The wedding she arranged was on 12 December 1720 in St Andrew’s Parish Church in Plymouth. It was a Church of England ceremony. Curate Robert Forster granted the licence. Frances Candis claimed her husband was sober at the time. Her acquaintances – William Warren, John Kimber and Samuel Rhodes witnessed the ceremony.

She took him from the Church to a Plymouth notary. Mr Samuel Bury expressed what he gathered to be Selkirk’s intentions in a Will. It was a simpler document than the one lodged with Sophia three years previously. A brief document of betrayal. It made no mention of Katherine Mason, Largo, his family, or Sophia. It simply revoked all former Wills, commended his ‘Soul to God that gave it’, committed his body to the earth or sea, and bequeathed all his worldly Estate – his Wages due, money, Lands, Tenements, and Estate to his ‘wellbeloved wife Frances Selkirk of Oarston & her assignes for ever’.†

In the island of his mind it was only a piece of paper, the price of sex. This woman was no more his wife than Sophia Bruce. He lived for the opportunism of the moment, without regard for society’s rules. Had his ship docked at Wapping he might have found his way to Sophia. But it went to Plymouth.

Within days he was heading for the West Coast of Africa, the chase over, the notch made. Again the wind and the sea were his rescue. The sea got him away. The Weymouth’s task was to protect merchant ships and rout pirates from the Gulf of Guinea. Across the familiar ocean was a manly battle to fight, a journey to be made.†

1721 Small Breeze and Fair

IT WAS a doomed voyage. It took him far from The Island’s heart and to the sea’s bed. He went to search out pirates who preyed on English ships and all he found was death. It did not matter to him to be a turncoat, fighting his own kind. There was the familiar ghetto of the ship: sparse rations, mutiny and violence.†

The Weymouth reached the mouth of the river Gambia in March 1721. There were gales, haze and great waves. It seemed an omen of disaster when Alexander Clark wrestling to reef the sails ‘was struck overboard with the saile from the topsl. yd. and was drowned’. In wind and rain the ship then grounded in sand. An anchor broke, a cable was damaged. At high tide there was only fifteen feet of water, at low tide, seven. For four days the crew heaved and hauled before the ship was free.

Villagers who lived along this Gold Coast had no reason to be accommodating to these colonising Whites. Messengers from the ship who requested water were taken hostage. The ransom demanded for them was of gold and food.

At the rivers and fresh water places, in the dark forests where the men went to cut wood, the dank air was thick with mosquitoes. They were seen as pests and an irritation not as creatures that might kill with a deadly bite. But in June the men of the Weymouth began to die: Mr White, Purser, deceased. Mr Peine, Schoolemaster, deceased. Charles Fanshaw, departed this life. John Pritchard, died this day.

The sick could not know their mortal illness was caused by a virus, transmitted by mosquitoes that fed on infected monkeys and then on them.

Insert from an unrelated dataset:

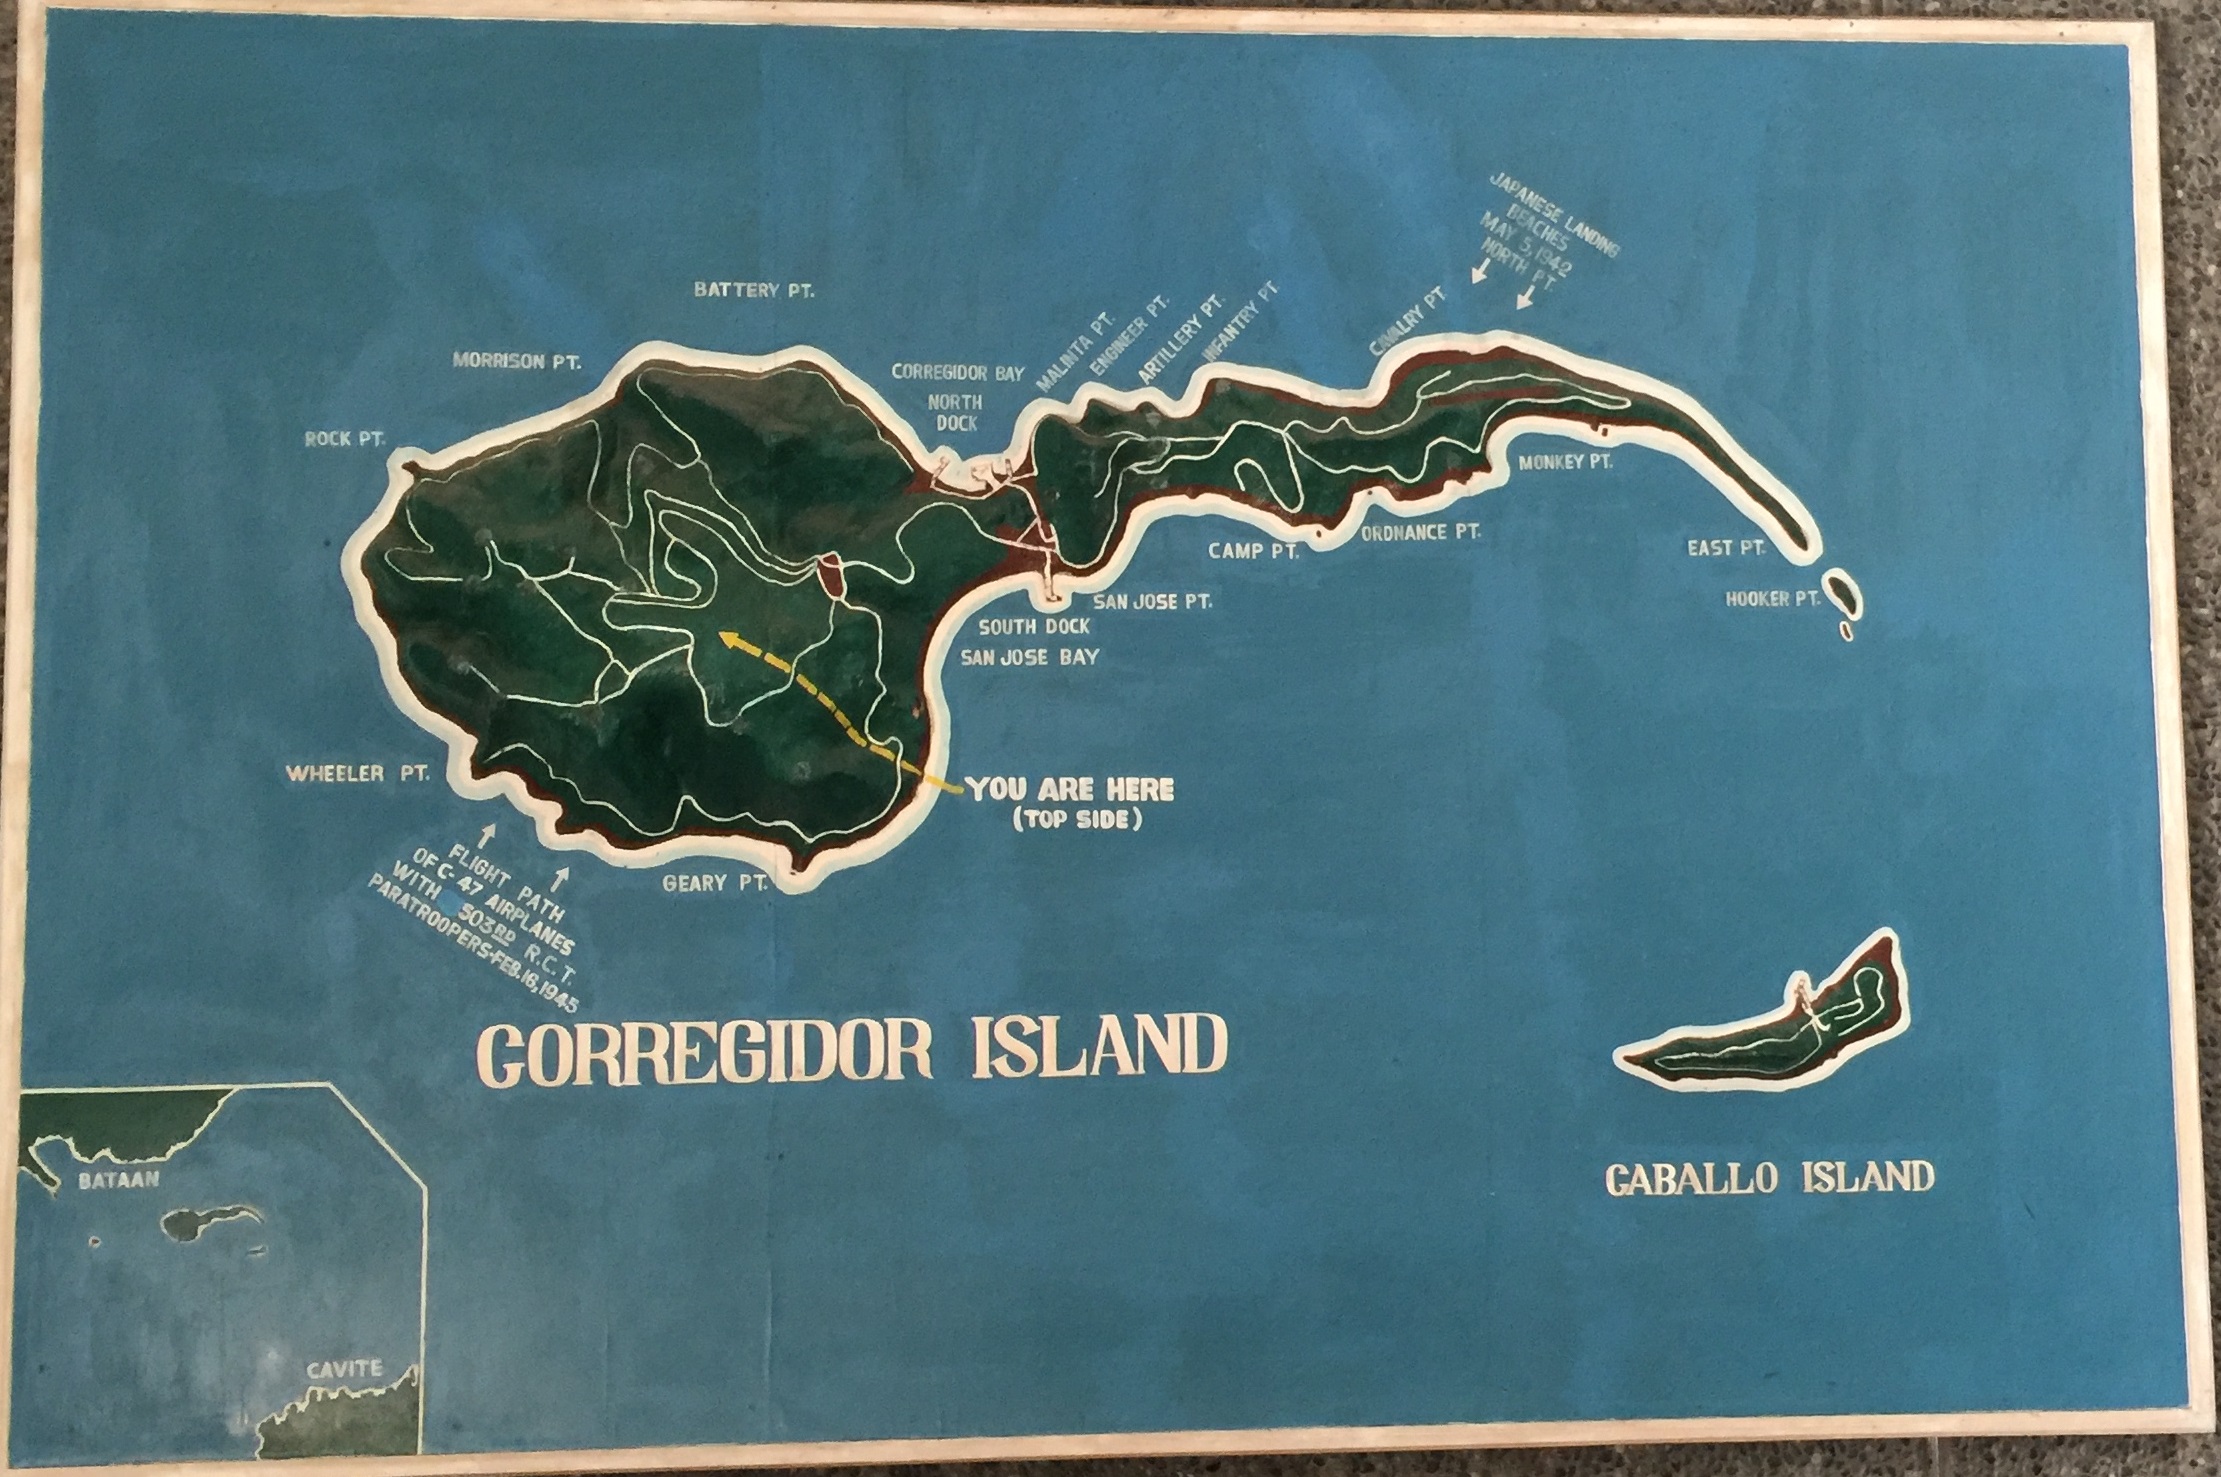 The tadpole shape of Corregidor island.

The surgeons blamed the foetid air, the proximity to Negroes. They plied their hopeless craft: phlebotomy and mulled spices.

By late September so many men were dying a makeshift hospital was erected on shore. Twenty Negroes were commandeered without whose help the ship could not be crewed. On 23 October the Governor of Cape Coast Castle informed the Weymouth’s Captain, Mungo Herdman, of pirates who had done much damage and taken a Royal African Company ship. The Governor asked for a Muster to be called of men on board who were fit for service. The call was seventy-two: ‘Officers, Seamen and Learners, all included’. The following day it was fifty-seven.

Deaths were entered in a daily log, along with laconic comment on the weather, the fixing of a halter around a mutineer’s neck and putting him under the Boatswain’s command as a Swabber, the taking of men and stores from other ships, the employment of Negroes as a last resort.